7.2 Intermediary Outputs

BiocMAP generates a number of files along the process before producing the main outputs of interest in each module. Each of these “intermediary” files is described below.

7.2.1 First Module

Preprocessing Logs preprocessing/

  • preprocess_input_first_half.log: Information about how the input samples.manifest file was parsed to internally handle input files correctly downstream.

FastQC Outputs fastQC/

  • [trim_status]/[file_name]/*: Outputs from FastQC. Here [trim_status] indicates when FastQC was performed: Untrimmed is before trimming, and Trimmed is after. [file_name] contains the sample name, and if applicable, the mate number.

Trimmed FASTQ Files trimming/

  • [sample_name]_trimmed*.fastq: Trimmed FASTQ files, if applicable, from Trim Galore.

Raw Alignment-related Files Arioc/

  • sams/[sample_name].c.sam: Concordant alignments output directly from Arioc, in SAM format.
  • configs/[sample_name]_align.cfg: The exact config file used by Arioc to align reads to the reference genome.
  • configs/[sample_name]_encode.cfg: The exact config file used by Arioc to encode reads prior to alignment to the reference genome.
  • logs/*_[sample_name].log: Logs from encoding and aligning samples with Arioc.

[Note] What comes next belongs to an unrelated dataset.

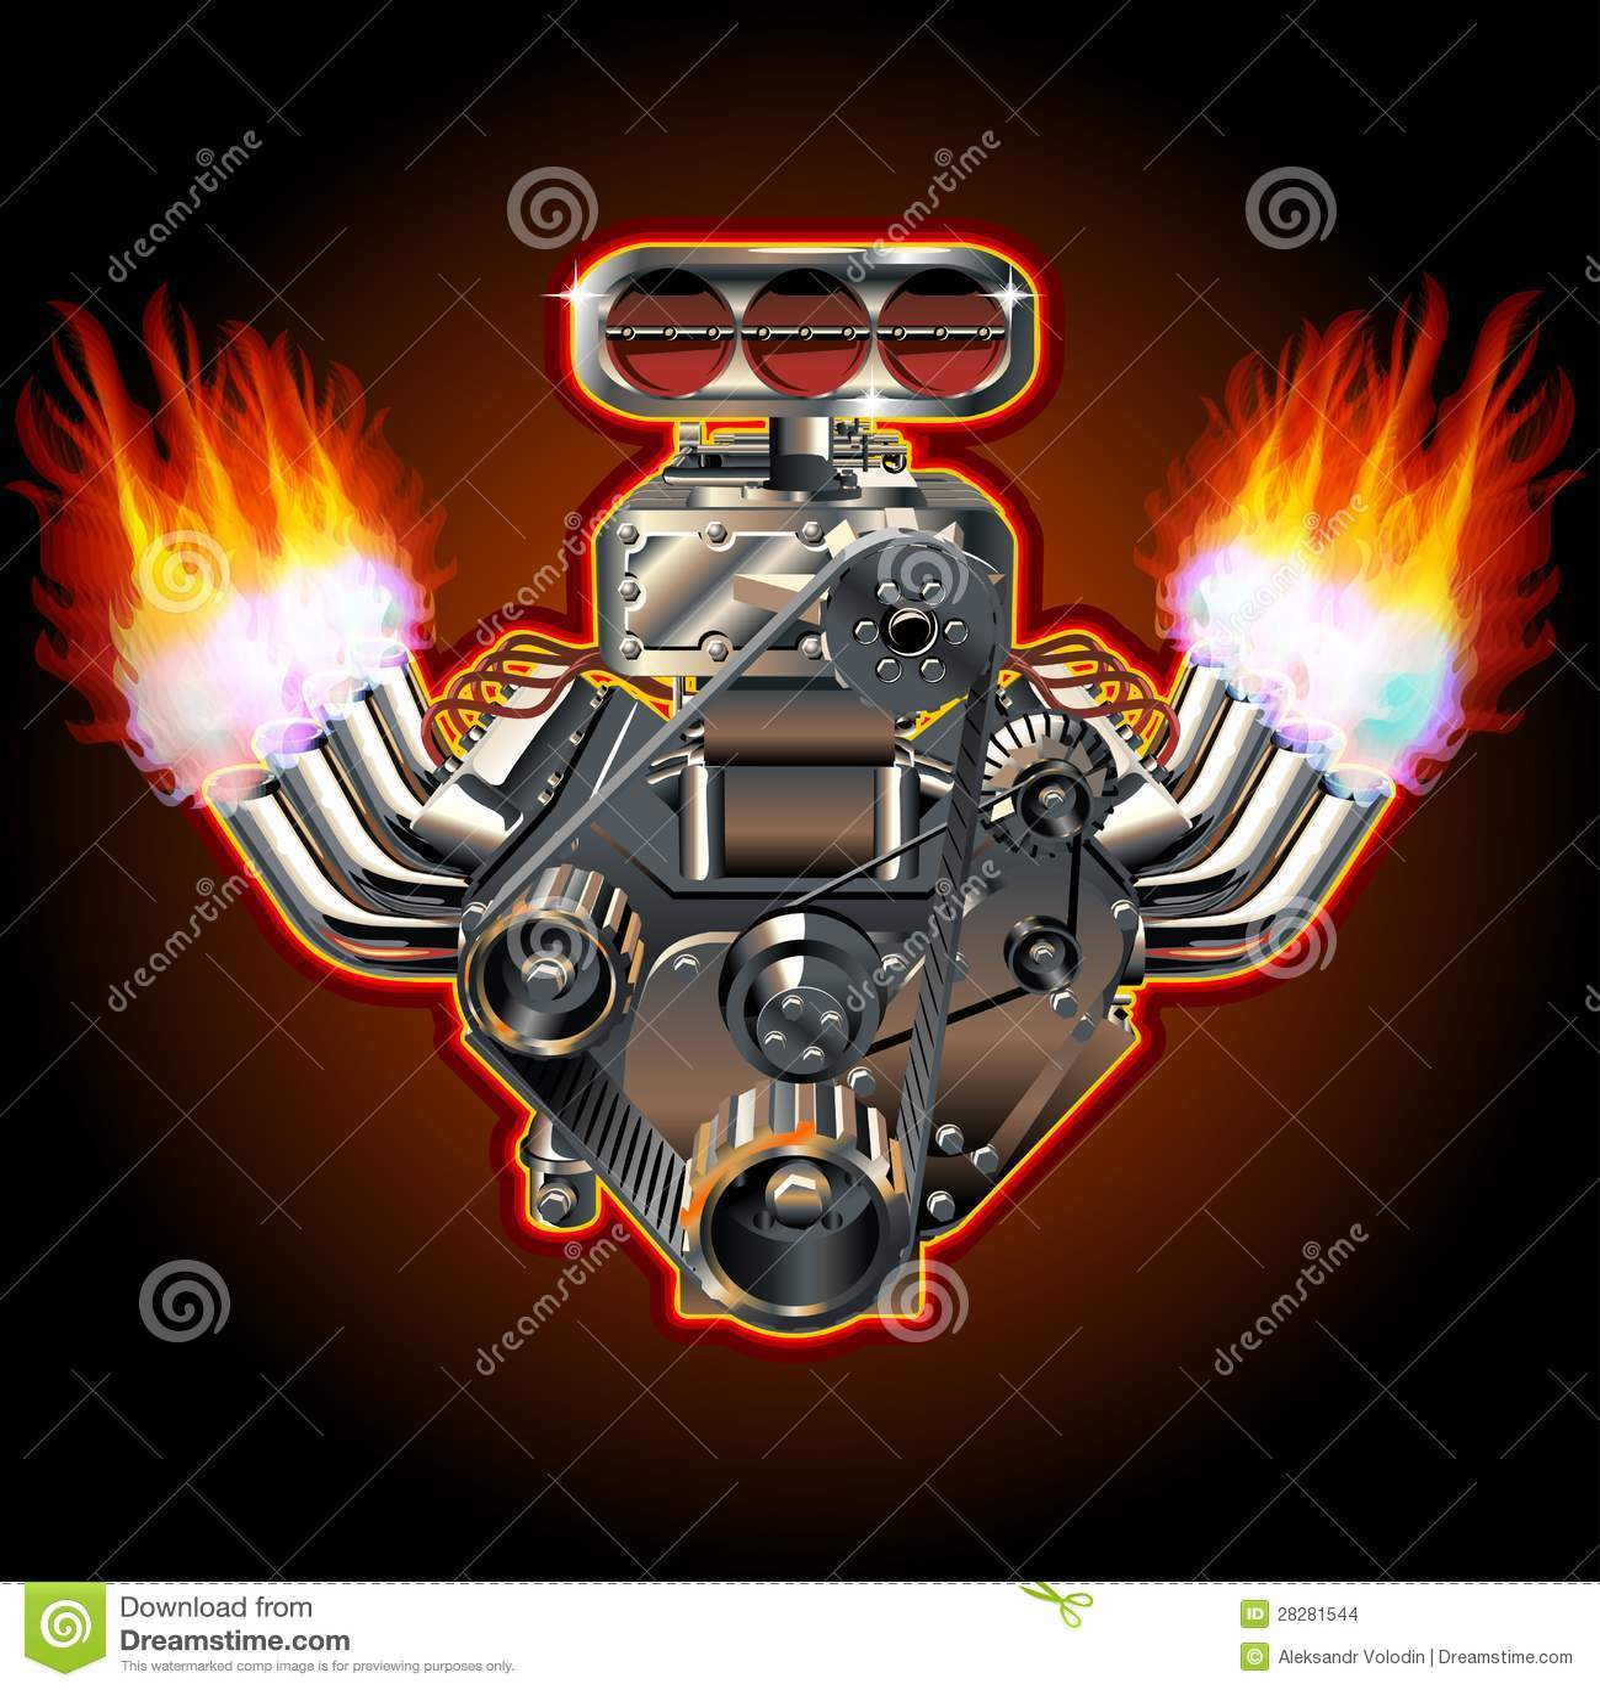 Vector Cartoon Turbo Engine Stock Images - Image: 28281544

Filtered Alignments FilteredAlignments/bams

  • [sample_name].cfu.sorted.bam and [sample_name].cfu.sorted.bam.bai: Coordinate-sorted, quality-filtered (only including alignments with MAPQ >= 5), unique (duplicate mappings removed) alignments in BAM format, with a corresponding BAM index.

7.2.2 Second Module

Preprocessing Logs preprocessing/

  • preprocess_input_second_half.log: Information about how the input rules.txt file was parsed to internally handle input files correctly downstream.

Lambda-based Bisulfite-Conversion Estimatation lambda/

  • [sample_name]_lambda_pseudo.log: (For experiments with lambda spike-ins, using the --with_lambda option) Logs containing a percentage estimate for the bisulfite-conversion efficiency for each sample, based on pseudo-aligning input FASTQs to both the lambda bacteriophage transcriptome and an “in silico bisulfite-converted copy” of the transcriptome, and comparing alignment rates.

Bismark Methylation Extractor Outputs BME/

  • [sample_name]/*: (When using the --use_bme option) Files output from running bismark_methylation_extractor, including compressed text-based methylation information, a splitting report, and an “M-bias” report.

Cytosine Reports and Bedgraphs Reports/

  • [sample_name]/[sample_name].*.CX_report.txt: “Cytosine reports” containing methylation counts and context for every cytosine in the genome, split by chromosome. By default, these are generated with MethylDackel, or otherwise with coverage2cytosine from the Bismark software suite when using the --use_bme option.

  • [sample_name]/[sample_name]_bedgraph_merged*.gz: (When using the --use_bme option) A bedgraph file containing positional and methylation information for each cytosine; a “coverage” file containing similar information. See Bismark’s documentation for more detail.

Individual bsseq objects BSobjects/objects/

  • [chromosome]/[context]/*: R objects containing either cytosines in “CpG” or “CpH”, for a single chromosome. While the final bsseq objects are combined across all chromosomes for convenience, it may be more practical in some cases to work with these individual objects, which are significantly smaller in memory.